Indicating dimensionality in transitions. Sometimes opposite animated transitions can be used to indicate movement back and forth along some navigational dimension. For example, paging through a series of objects can be shown by an animated sweep from the right to the left for turning the page forward (if using a language where readers start on the left). Turning back to a previous page can then be shown by the opposite animation (sweeping from the left to the right). If users move orthogonally to the sequence of pages then other animated effects can be used to visualize the transition. For example following a hypertext link to a footnote might be shown by a "down" animation and tunneling through hyperspace to a different set of objects might be shown by an "iris open" animation.
Illustrating change over time. Since an animation is a time-varying display, it provides a one-to-one mapping to phenomena that change over time. For example, deforestation can be illustrated by showing a map with an animation of the covered area changing over time.

Multiplexing the display. Animation can be used to show multiple information objects in the same space. A typical example is client side image maps with explanations that pop up as the user moves the cursor over the various hypertext anchors. It is also possible to indicating the active areas by having them shimmer or by surrounding them with a marquee of "marching ants". As always, objects should only move when appropriate (e.g., when the cursor is over the image).
Enriching graphical representations. Some types of information are easier to visualize with movement than with still pictures. Consider, for example, how to visualize the tool used to remove pixels in a graphics application. In icon design, it is always easier to illustrate objects (a box) than operations (removing pixels), but animation provides the perfect support for illustrating any kind of change operation. In an experiment reported at the CHI'91 conference, Small, and Mander increased the comprehension of a set of icons from 62% to 100% by animating them.
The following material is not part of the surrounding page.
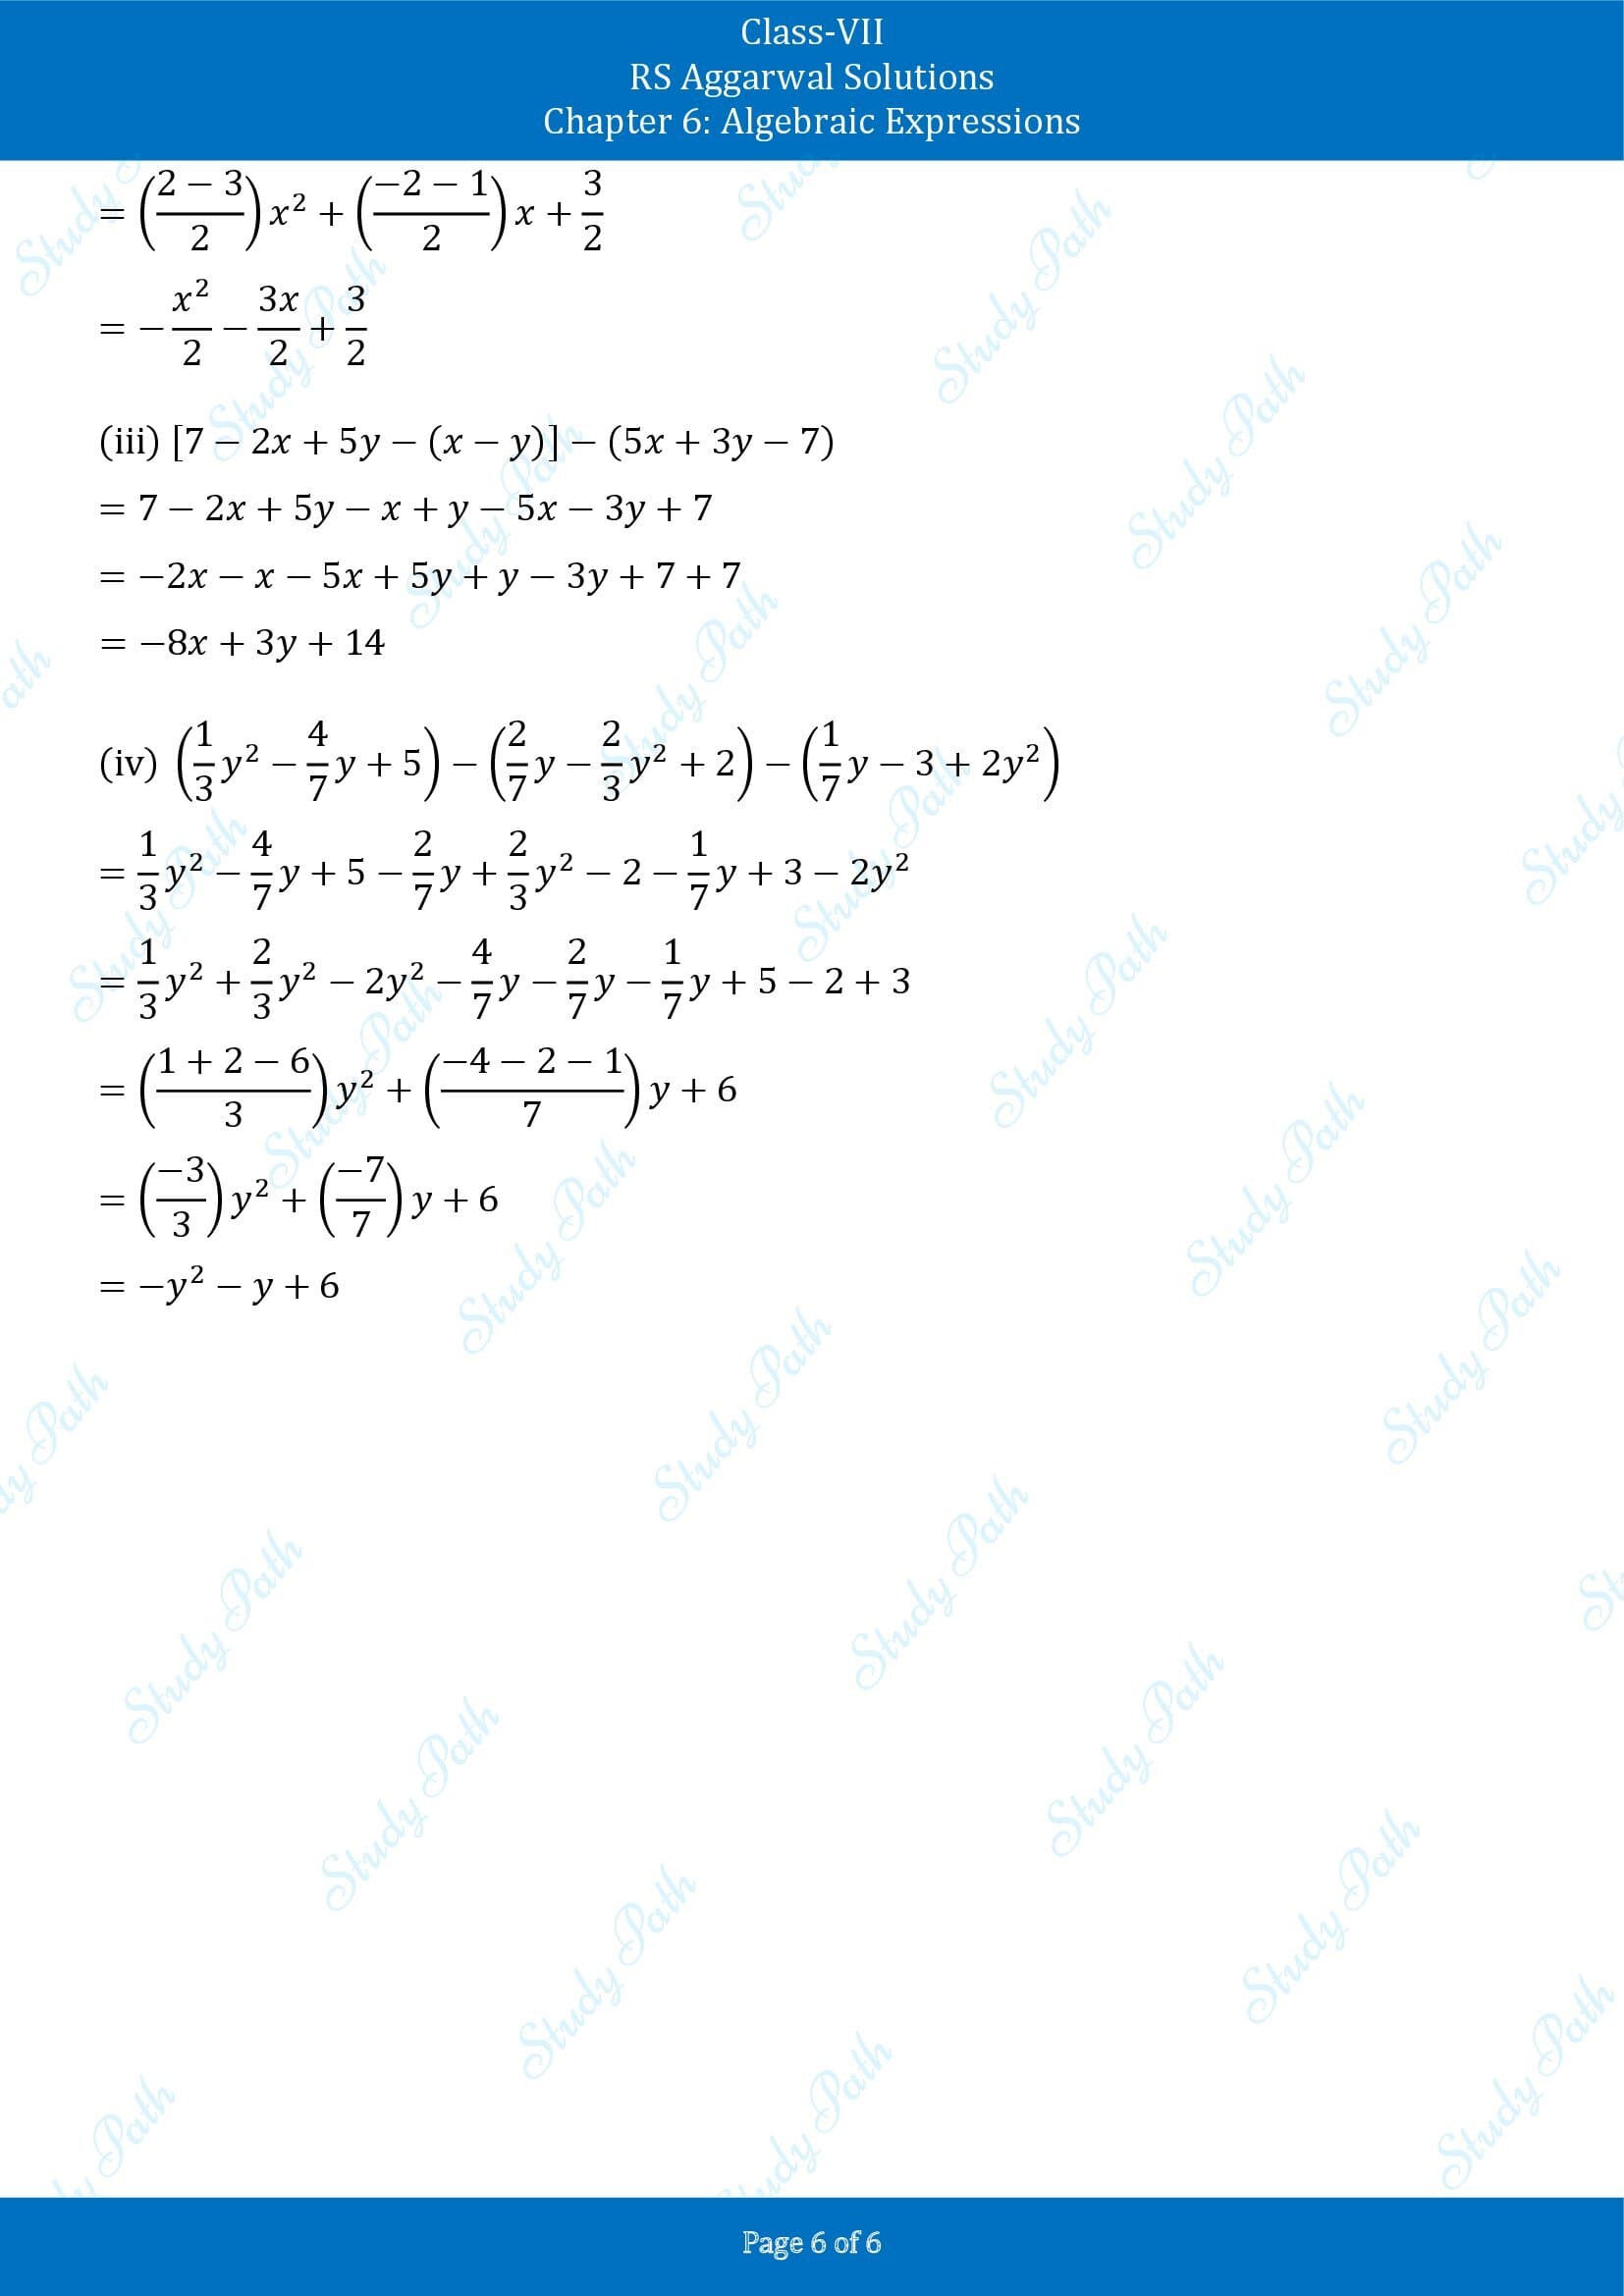 RS Aggarwal Solutions Class 7 Chapter 6 Algebraic Expresions Exercise 6A 00006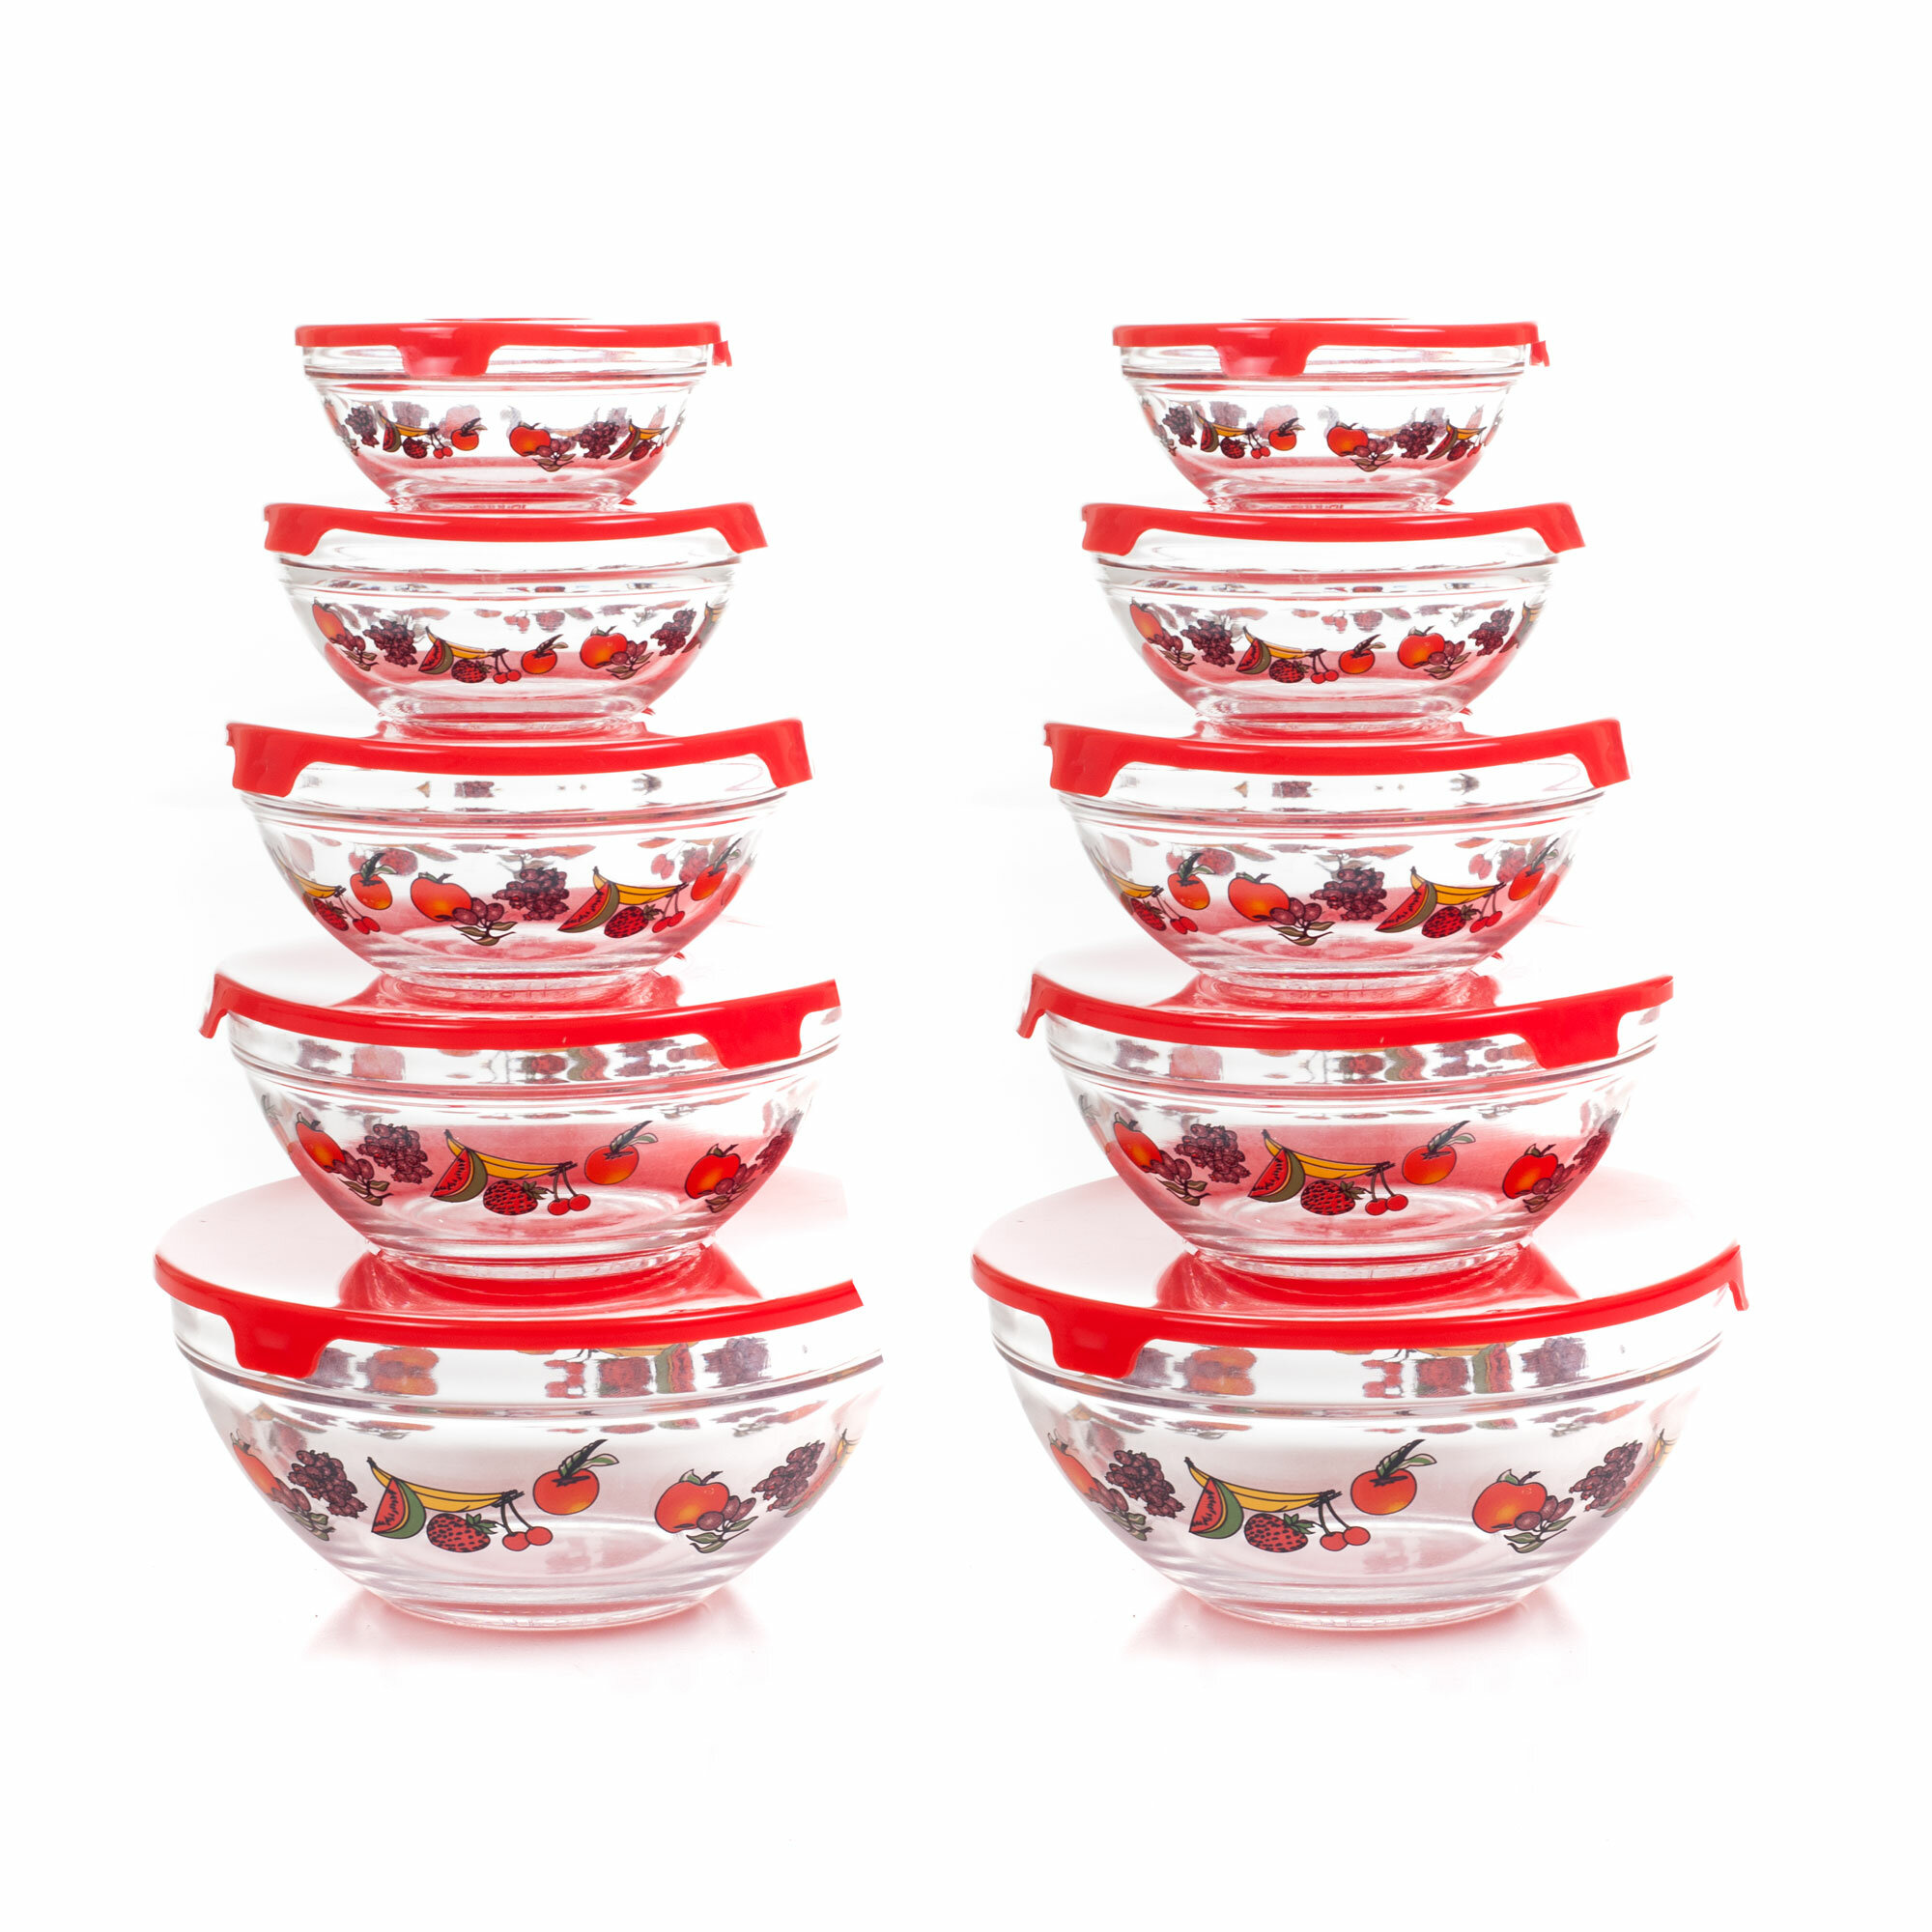 Chef Buddy 20-Piece Glass Storage Bowls with Lids Set - with Meal Prep, and  Mixing & Reviews

Visualizing three-dimensional structures. Since the computer screen is two-dimensional, users can never get a full understanding of a three-dimensional structure by a single illustration, no matter how well designed. Animation can be used to emphasize the three-dimensional nature of objects and make it easier for users to visualize their spatial structure. The animation need not necessarily spin the object in a full circle: just slowly turning it back and forth a little will often be sufficient. The movement should be slow to allow the user to focus on the structure of the object. Three-dimensional objects may be moved under user control, but often it is better if the designer determines in advance how to best animate a movement that provides optimal understanding of the object: this pre-determined animation can then be activated by the user by simply placing the cursor over the object, whereas user-controlled movements require the user to understand how to manipulate the object (which is inherently difficult with a two-dimensional control device like the mouse used with most computers - to be honest, 3d is never going to make it big time in user interfaces until we get a true 3D control device).